PROBLEM TO WORK ON — Word for word, restate every line from the one with "Болт головки цилиндра" through the end of the records below, both included, and add nothing.

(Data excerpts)
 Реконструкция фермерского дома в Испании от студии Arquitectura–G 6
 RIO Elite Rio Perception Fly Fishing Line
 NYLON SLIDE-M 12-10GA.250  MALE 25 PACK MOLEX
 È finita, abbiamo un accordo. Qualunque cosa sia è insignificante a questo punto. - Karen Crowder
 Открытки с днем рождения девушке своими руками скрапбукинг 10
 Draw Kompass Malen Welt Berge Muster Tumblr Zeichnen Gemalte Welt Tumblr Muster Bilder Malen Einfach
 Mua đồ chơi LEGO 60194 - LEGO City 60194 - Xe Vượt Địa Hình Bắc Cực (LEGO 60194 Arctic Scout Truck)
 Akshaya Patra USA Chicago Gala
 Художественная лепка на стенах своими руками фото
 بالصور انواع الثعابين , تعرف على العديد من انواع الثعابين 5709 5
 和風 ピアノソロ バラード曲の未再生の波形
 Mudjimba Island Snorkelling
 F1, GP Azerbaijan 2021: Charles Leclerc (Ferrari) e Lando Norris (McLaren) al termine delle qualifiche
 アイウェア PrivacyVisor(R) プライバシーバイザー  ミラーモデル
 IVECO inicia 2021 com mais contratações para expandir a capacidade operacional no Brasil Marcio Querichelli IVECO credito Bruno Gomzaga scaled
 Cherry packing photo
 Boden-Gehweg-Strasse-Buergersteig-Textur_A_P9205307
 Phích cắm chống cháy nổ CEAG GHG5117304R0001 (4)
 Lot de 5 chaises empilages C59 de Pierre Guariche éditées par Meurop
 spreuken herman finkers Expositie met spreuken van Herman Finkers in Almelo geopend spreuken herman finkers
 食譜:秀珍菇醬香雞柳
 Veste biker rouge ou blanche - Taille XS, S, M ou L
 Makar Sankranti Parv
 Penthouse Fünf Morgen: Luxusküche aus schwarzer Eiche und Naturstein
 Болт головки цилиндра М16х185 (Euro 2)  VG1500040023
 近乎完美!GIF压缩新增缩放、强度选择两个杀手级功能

ANSWER TO THE PROBLEM —
 Болт головки цилиндра М16х185 (Euro 2)  VG1500040023
 近乎完美!GIF压缩新增缩放、强度选择两个杀手级功能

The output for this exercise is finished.